In past articles, we have seen the impact the airport and the gate places on the airplane design. Both the 767 and the 757 are FAA Design Group IV aircraft. This means that internationally, they fit in an ICAO Code D Gate with a wingspan between 36 and 52 meters and a main landing gear track width between 9 and 14 meters. In US domestic service, they use a Gate Type B or C. These gates both accept aircraft with wingspans between 118 Ft and 171 ft, with the Type B Gate being limited to a fuselage length of 160 Ft.
These gate limitations have significant impacts that affect the single-aisle airplane in more adverse ways than a twin-aisle airplane. Airport congestion on the ramp hampers longer airplanes more than shorter airplanes. When you push back off the gate, regulations say that the maximum nose wheel steering used shall not exceed 55 degrees. There are wingtip clearance requirements, minimum nose to building distances, and incredible variability airport-to- airport gate configurations. Congestion is everywhere and ground controllers often find aircraft movements blocked.
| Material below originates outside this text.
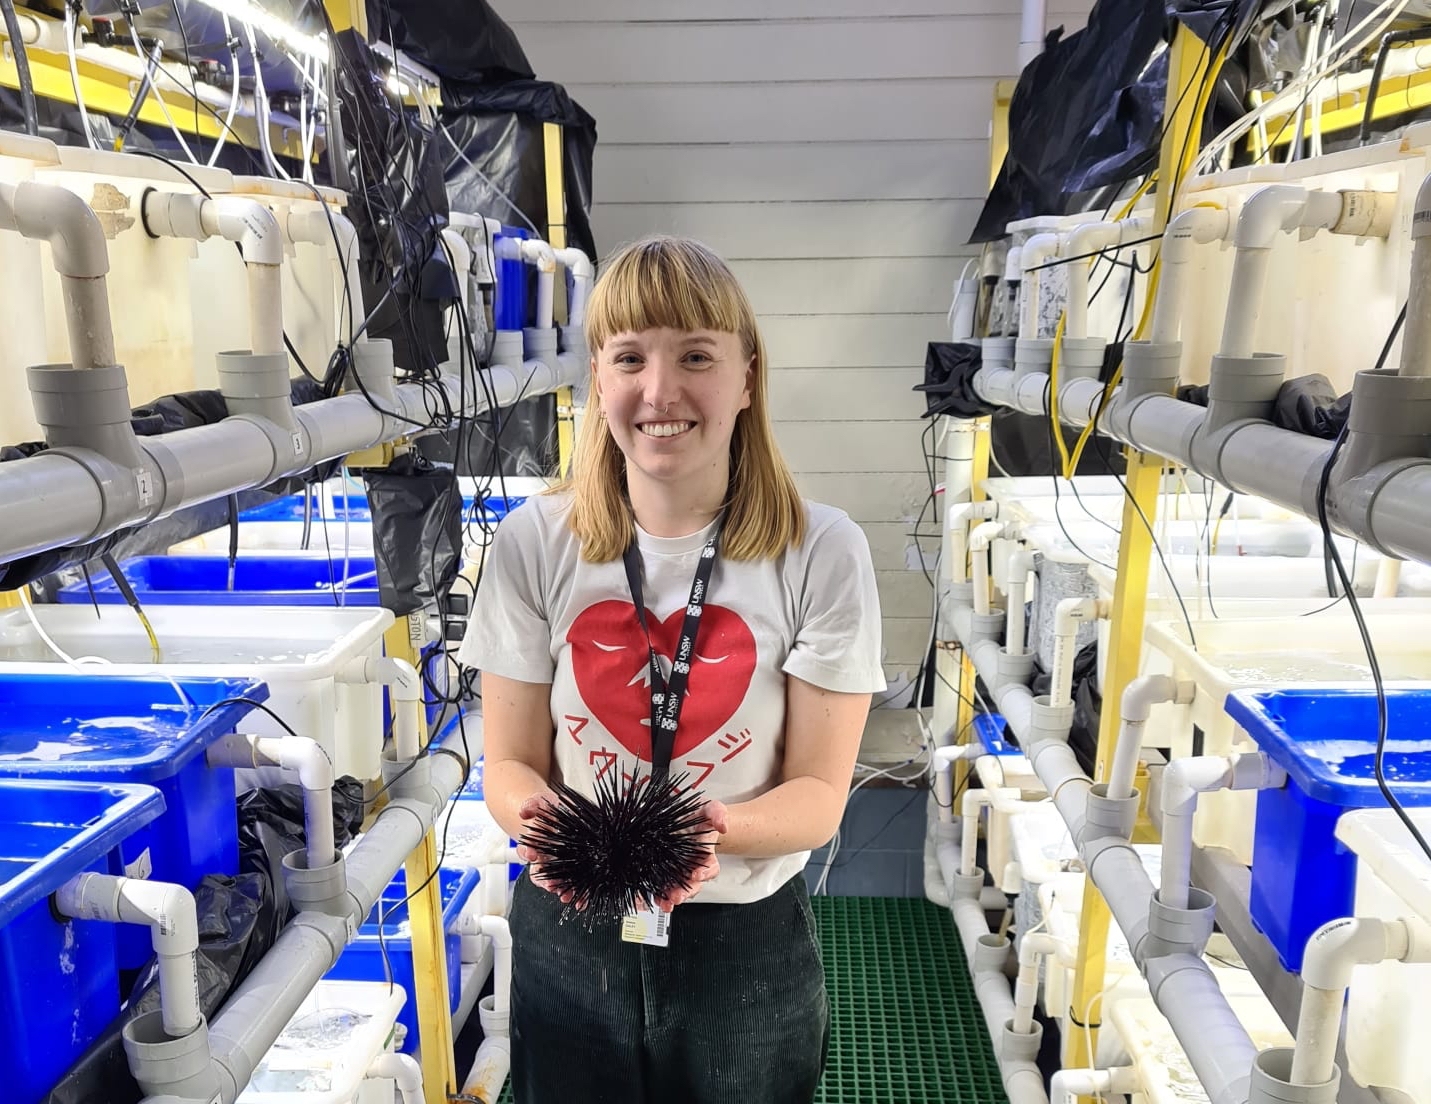 Credit: Milly Caley - Milly Caley with the experimental set up at the Sydney Institute of Marine Science, Sydney, Australia

Shorter aircraft will always be less impacted by the knock-on effects of this.
However, there’s also the issue of slot availability at most airports outside the US. Virtually every major airport in Europe, Asia, and Australasia is slot-constrained at peak hours–if not most hours. This means a carrier can’t shorten its scheduled turn-times unless it can obtain better-timed slots, which is often difficult outside its hubs (where it controls a critical mass of slots). Ramp control and ATC might let you depart early on occasion — but if you can’t schedule a quicker turn, you can’t monetize it.
Enplaning and deplaning the airplane is a key revenue-generating opportunity. Time is money. The faster you get off the gate, the faster you fly and make money. A single-aisle airplane is constrained by the cabin door. Its door size is almost irrelevant when you have every passenger going down the same aisle path. Door size matters a lot on a twin-aisle airplane and reduces onload and offload times dramatically when sized to allow both aisles to load/unload simultaneously. The twin-aisle airplane needs a big door, a crucial first step in the rapid turnaround process that is not available to a single-aisle airplane. A big door twin-aisle airplane gives you faster passenger exchange, faster baggage handling because the bulk cargo access is better, faster loading of food and drinks, and faster cleaning because the workers have two aisles to work from. All of this means that you can get more trips per year out of the airplane. Those trips fly more people and belly cargo. Revenue increases happen that are not available to a single-aisle airplane.
Yet, the revenue benefit of faster turn times only works if you’re a tightly scheduled airline on long-haul, which most network carriers aren’t–and aren’t likely to be in the future. If the network is hub-centric, the first goal is to minimize connection times by bringing all your arrivals in a tight “bank” or “wave,” and departing in a similar fashion 45-90 minutes later. Perfecting this hub timing naturally means sitting airplanes at non-hubs for longer than the minimum, even if you can physically deplane and board passengers in less time. And faster hub turns aren’t advantageous if they cut off inbound connections arriving later in the bank/wave.
LNA believes that the additional revenue-generating opportunities provided by the twin-aisle NMAL far outweigh the difference in cruise flight seat/mile costs. The combination of fast turnarounds providing the time for more legs to be flown each week and increased bulk cargo space providing an added revenue source is a potent weapon for shrewd operators to employ moving forward.